I let Tim stand in line at the checkout and went over to look at Staedtler pens: this is how you know you are perhaps spending too much on groceries: your grocery has it's own stationary store with 0.05 mm pigment liner pens. Now I had just bought a pen, for all of 50 cents, but it was a little thick. By my father's book, this meant I could not spend an additional dollar to buy another pen unless it was an emergency and I needed to sign something to save a human life. But I was sick of letting myself down, so I mustered up the courage to actually hand a pen to the cashier and hope no questions were to follow. I held my breath but thank god, no one has any manners anymore and nothing was said.
On the way out, there is a television crew and an off the rack looking pop band on stage full of good looking kids. Tim suddenly turns to me and says: wait here and runs off. I don't know where. This seems as good a time as any to deploy my Fanta and ask myself if I really have any idea where I am.
I once got lost in Bangkok when I was a kid. This seems to have left the indelible impression on my family that I can't be left anywhere in Bangkok for fifteen minutes without falling into some spontaneous jeopardy. Now I don't. Really believe that. Any more than. I believe. That people really care. About the fact. That I talk. Like an idiot. Like someone who has had. An operation. On their brain. No, I don't care about that. I can't anymore.

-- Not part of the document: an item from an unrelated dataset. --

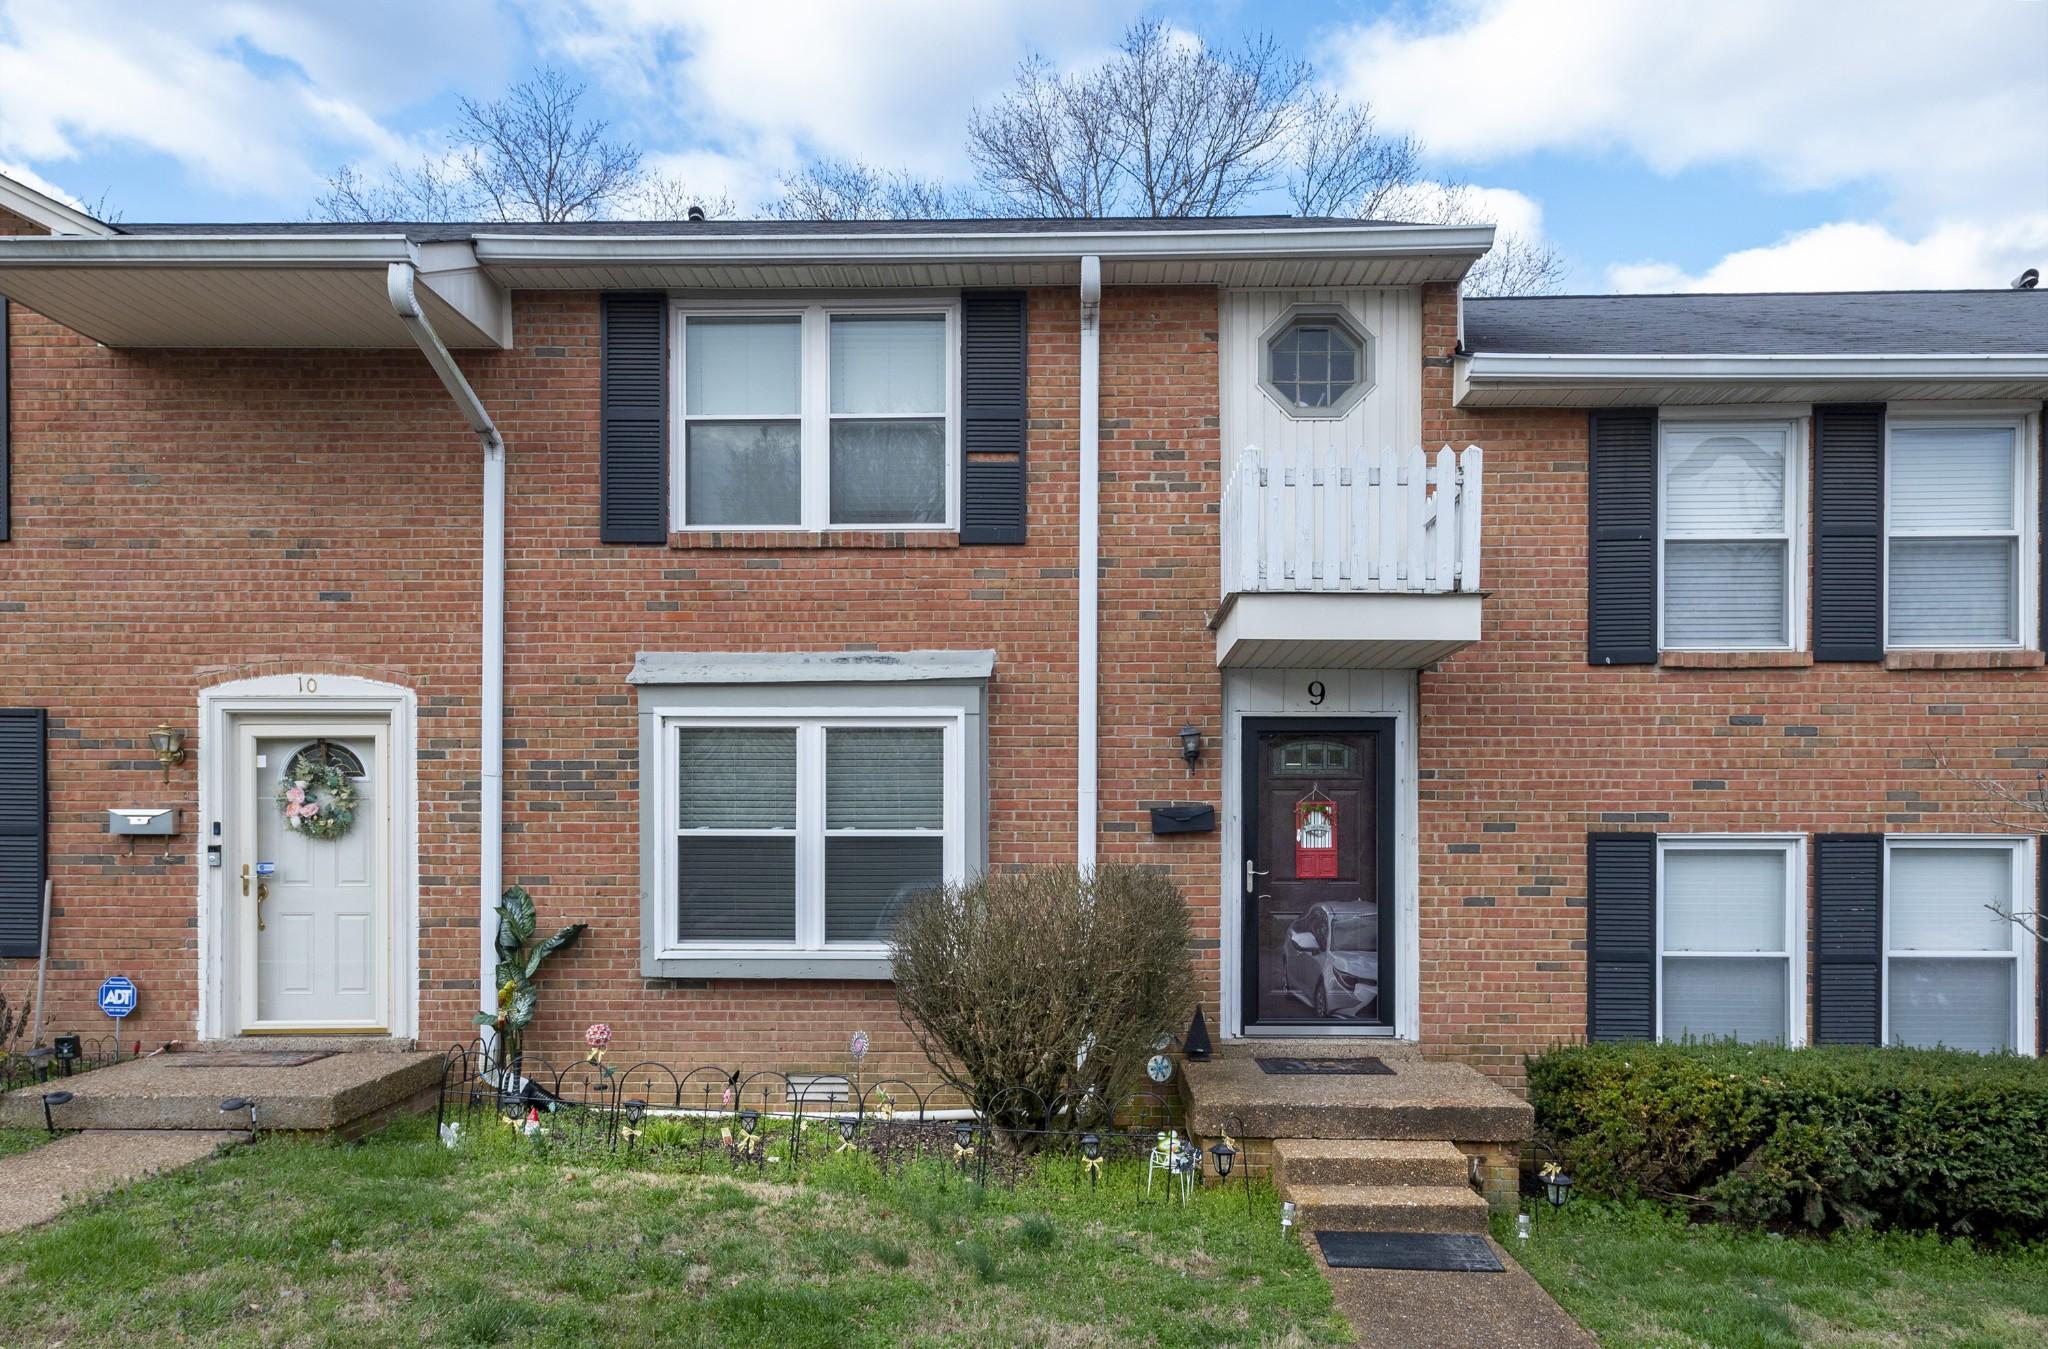 5510 Country Dr, Nashville, TN 37211 - Nashville, TN real estate listing
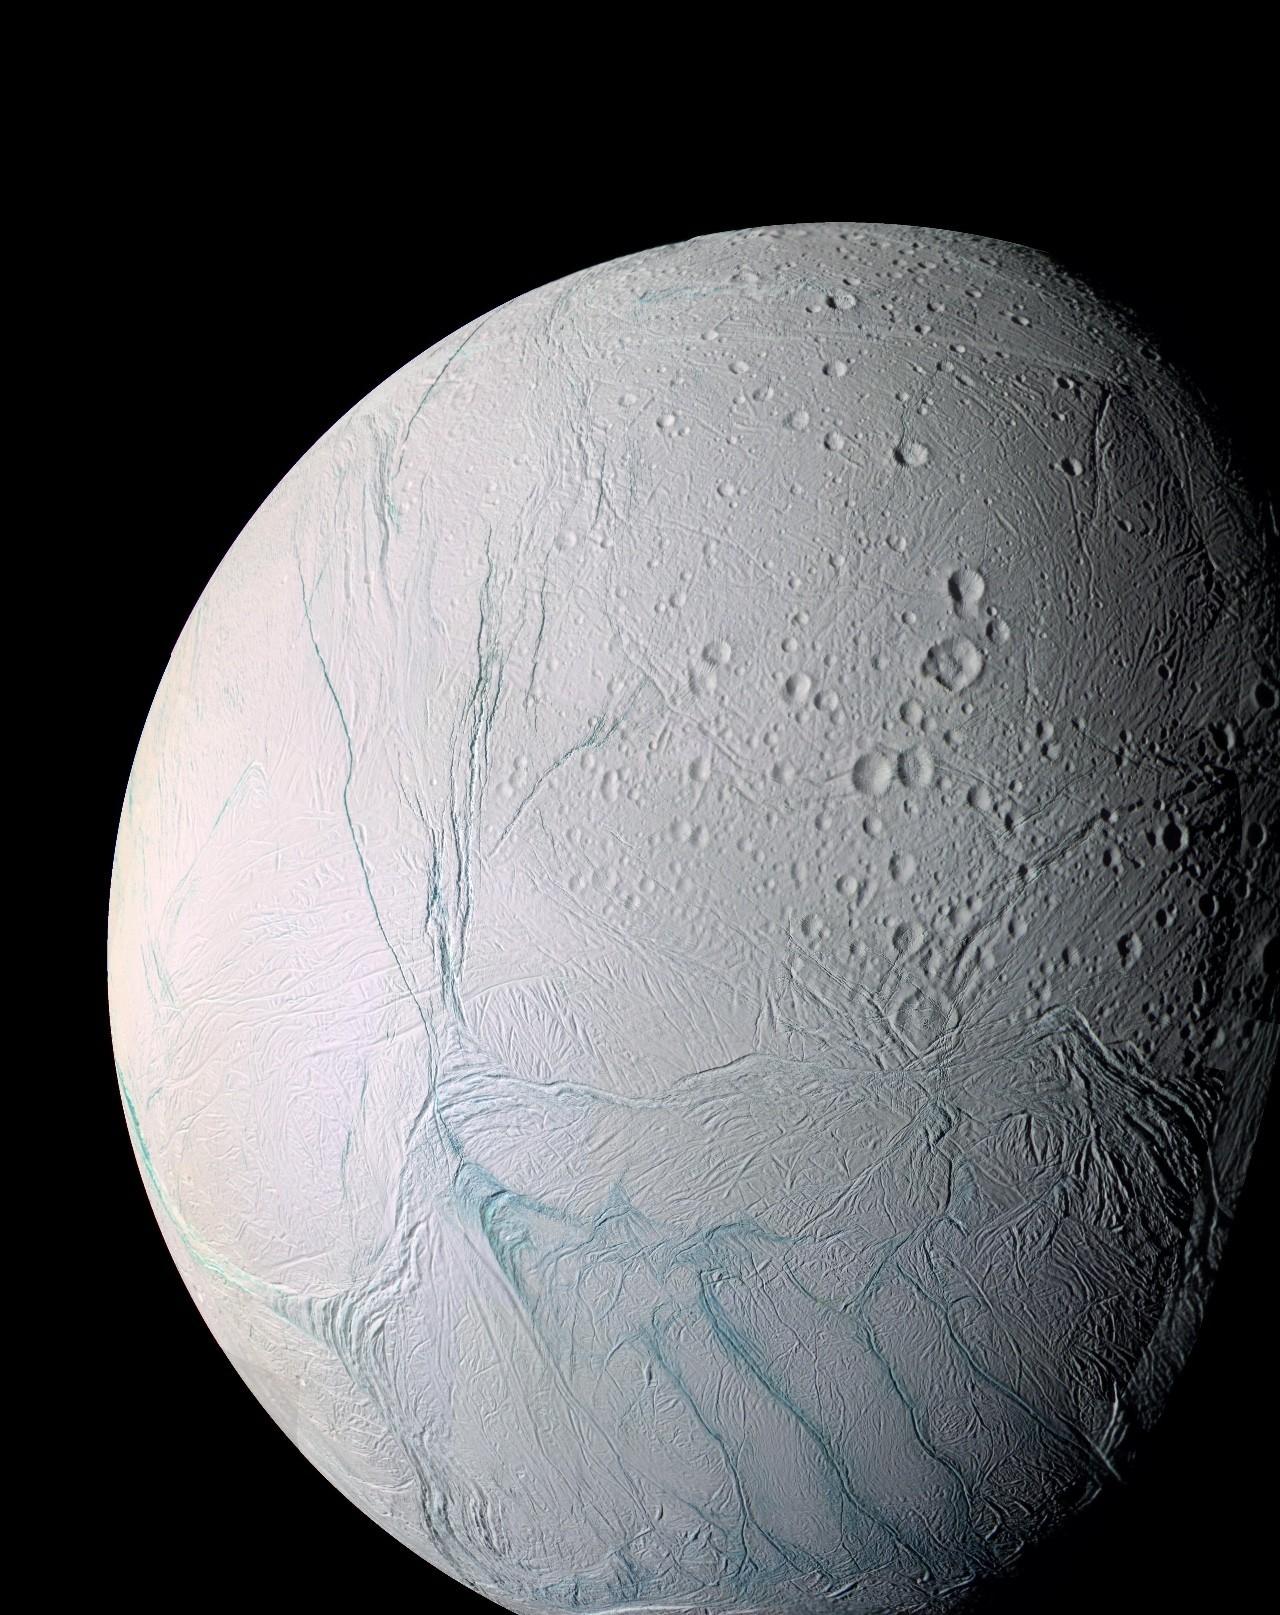 惊人发现:土星第一卫星可能真的有生命-第1张图片-IT新视野

Tim actually reappears. All the frozen food we bought means we are actually going home. On the way, I ask Tim if she wants to go to America: she can have my room. My mom likes you, I said. This was true. Everyone thought that Tim was crazy. My father always thought that my mom was crazy. But Tim always knew the great places to eat. And she knew how to bargain.
She said she wanted to go to Austraila. I asked her if she liked it cold. She said she did. I said that Sydney sounded great. I wondered aloud of what the Austrailian people would make of her. Then I laughed aloud again.
It was only later in the dark of the evening, I considered how I really didn't mind being bossed around so much, or being dragged on unclear errands by Tim. I was a pretty boy and a nice one. That's where she got them.